Currently we're just building up the nodes and edges data based on the data in the database. The specific fields that are exported can easily be configured via the code. But right now there is no end-user customization available.

It's not clear we want to support end-user customization as that can get pretty complicated. The issue is that the data is not a simple flat table but consists of nested fields, so creating the index for the fields is something only an expert should do.

How to handle 'attributes' fields?

Our file format uses nested attributes fields for each node/edge record. I believe this came from whichever package we were originally importing the data from (Gephy?). e.g. a node record might look like this:

node = {
  id,
  label,
  attributes: {
    Node_Type,
    Extra Info,
    Notes,
  }
}

When exporting the data, we flatten out the data so that everything can fit within a single record. We do this by adding the 'attributes' tag to the field names, e.g. we have attributes:Node_Type, attributes:Extra Info, and attributes:Notes`, e.g.:

node = [
  id,
  label,
  attributes:Node_Type,
  attributes:Extra Info,
  attributes:Notes
]

Let me know if you need a different way of handling that data.

How are source and targets referenced in Edge nodes?

Currently, we're using numeric IDs to reference source and targets in edges. We can also add labels if needed, but that does get more complicated.
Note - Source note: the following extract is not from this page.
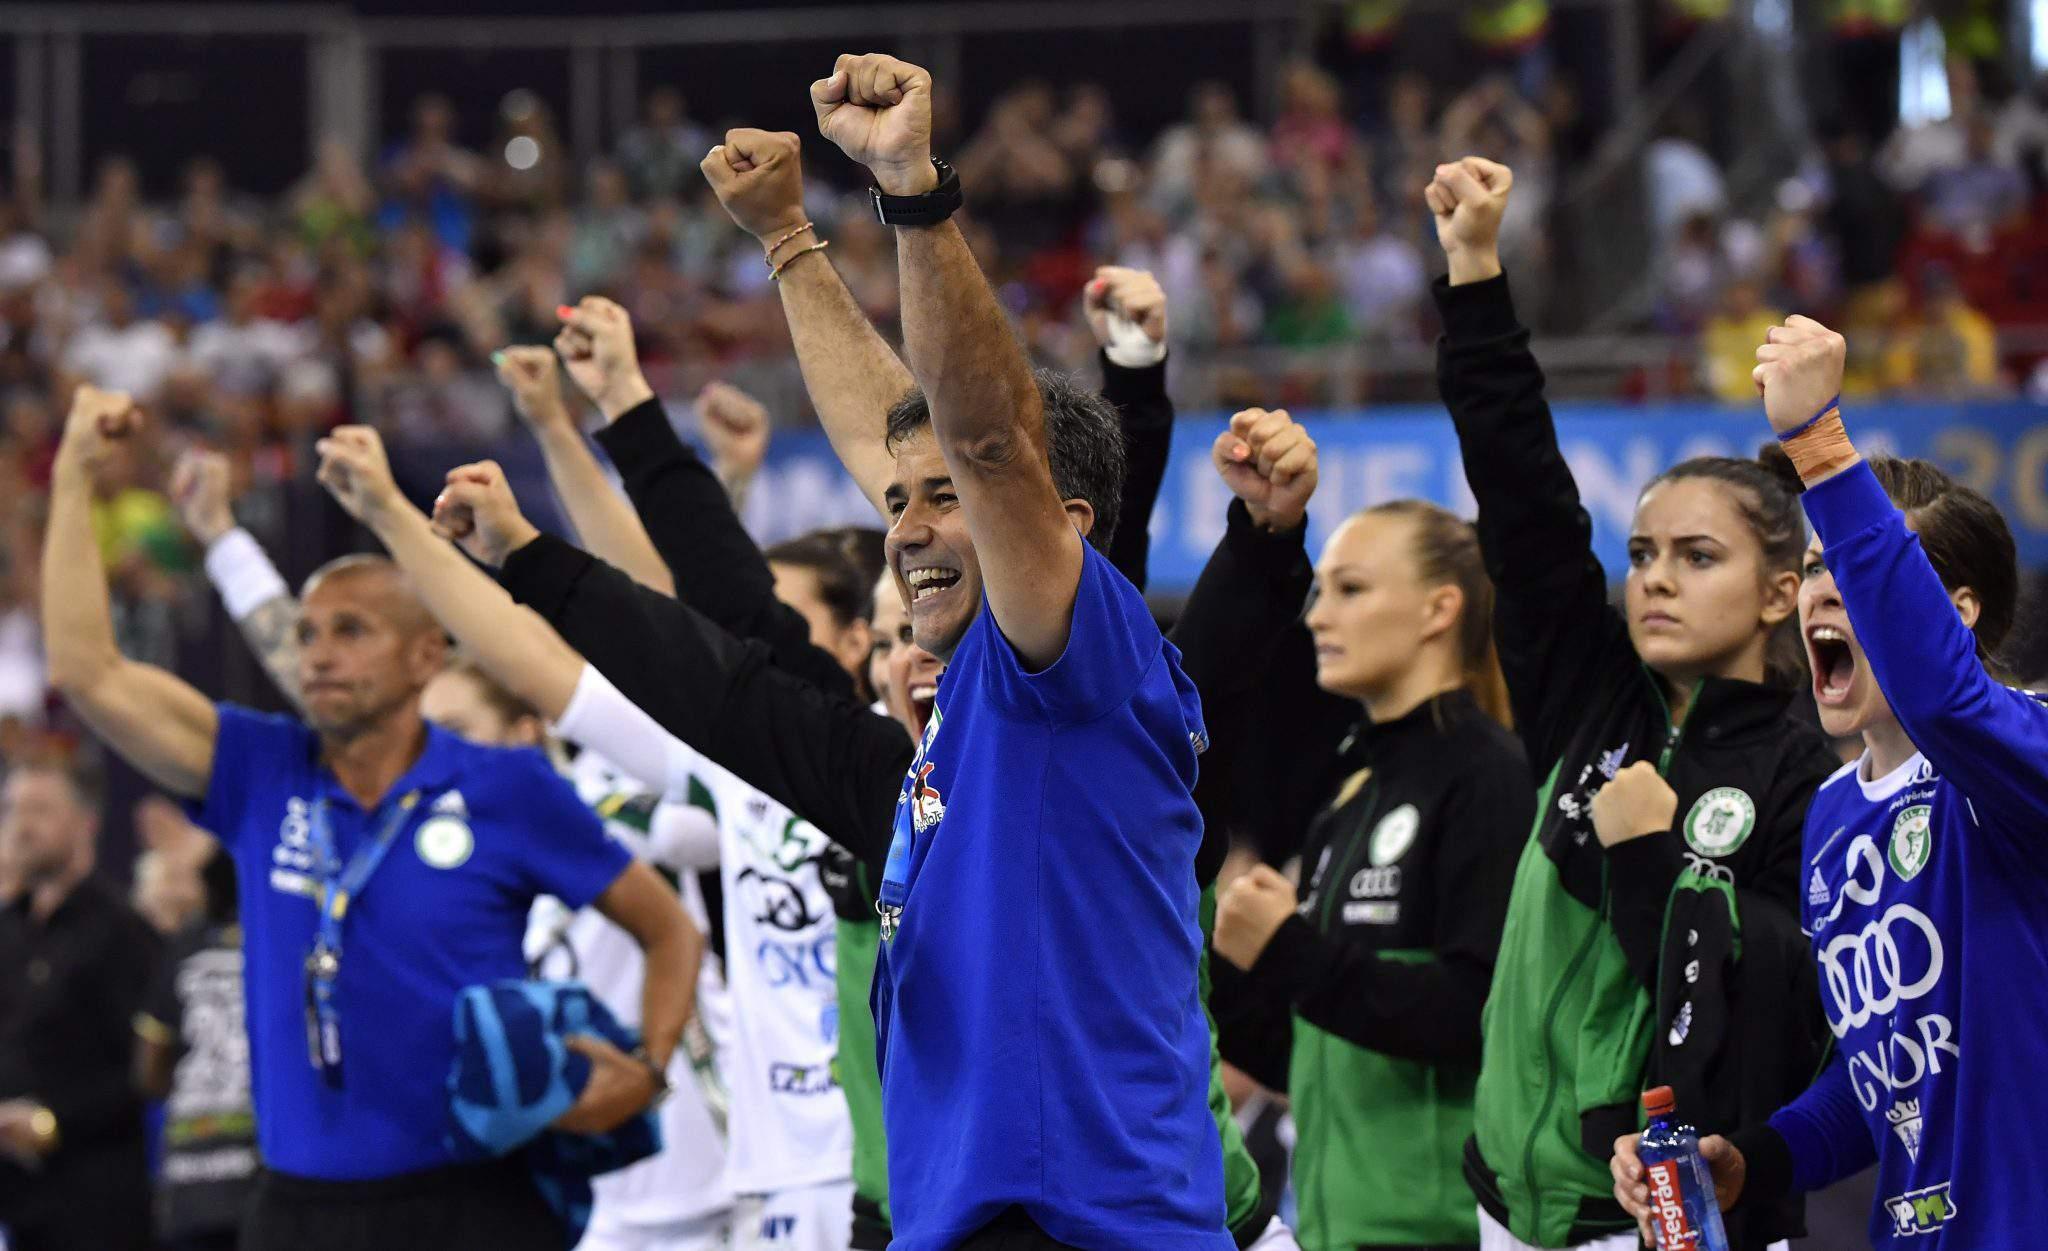 Győri ETO handball team hungary Final Four
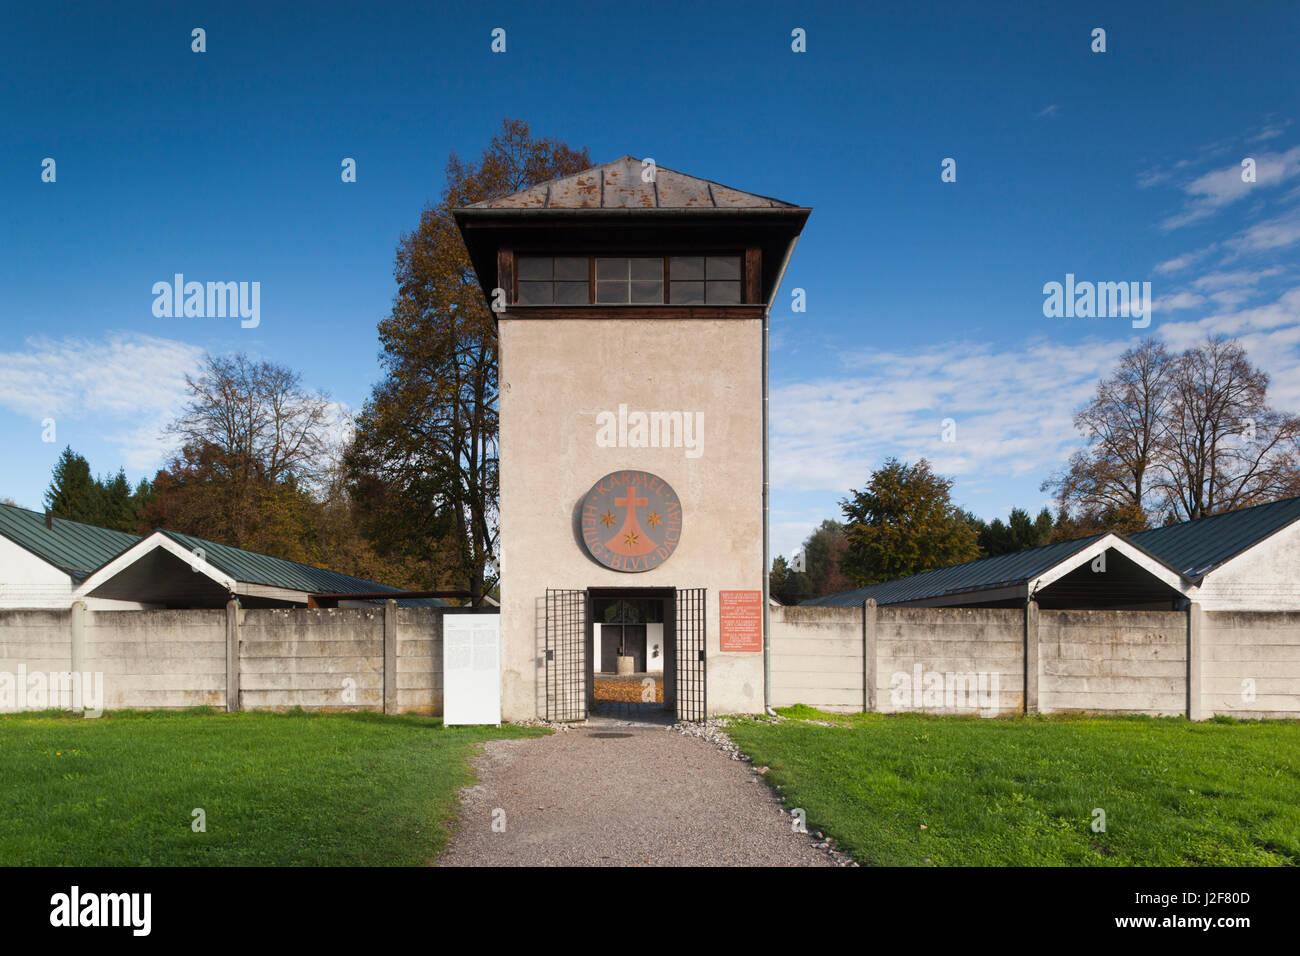 Germany, Bavaria, Munich-Dachau, WW2-era Nazi concentration camp, Carmelite Holy Blood Convent, built in 1964 - Stock Image

Using ids seemed like the most efficient format.

Let me know if you need labels as well.

How to handle Commas, Quotes, and Special Characters?

To keep things simple, right now all fields are wrapped in double quotes ("") which should theoretically support commas in descriptions. We can strip out other characters if needed, but I wasn't sure how aggressive we should be.

The critical symbols are probably:

commas
double quotes -- depending on the application reading the final csv, we might be able to replace double quotes with single quotes, or otherwise encode them.
line feeds/carriage returns -- how do you want to preserve these? line feeds are the record delimiters in CSV.
control characters

I expect to tackle the encoding issues later.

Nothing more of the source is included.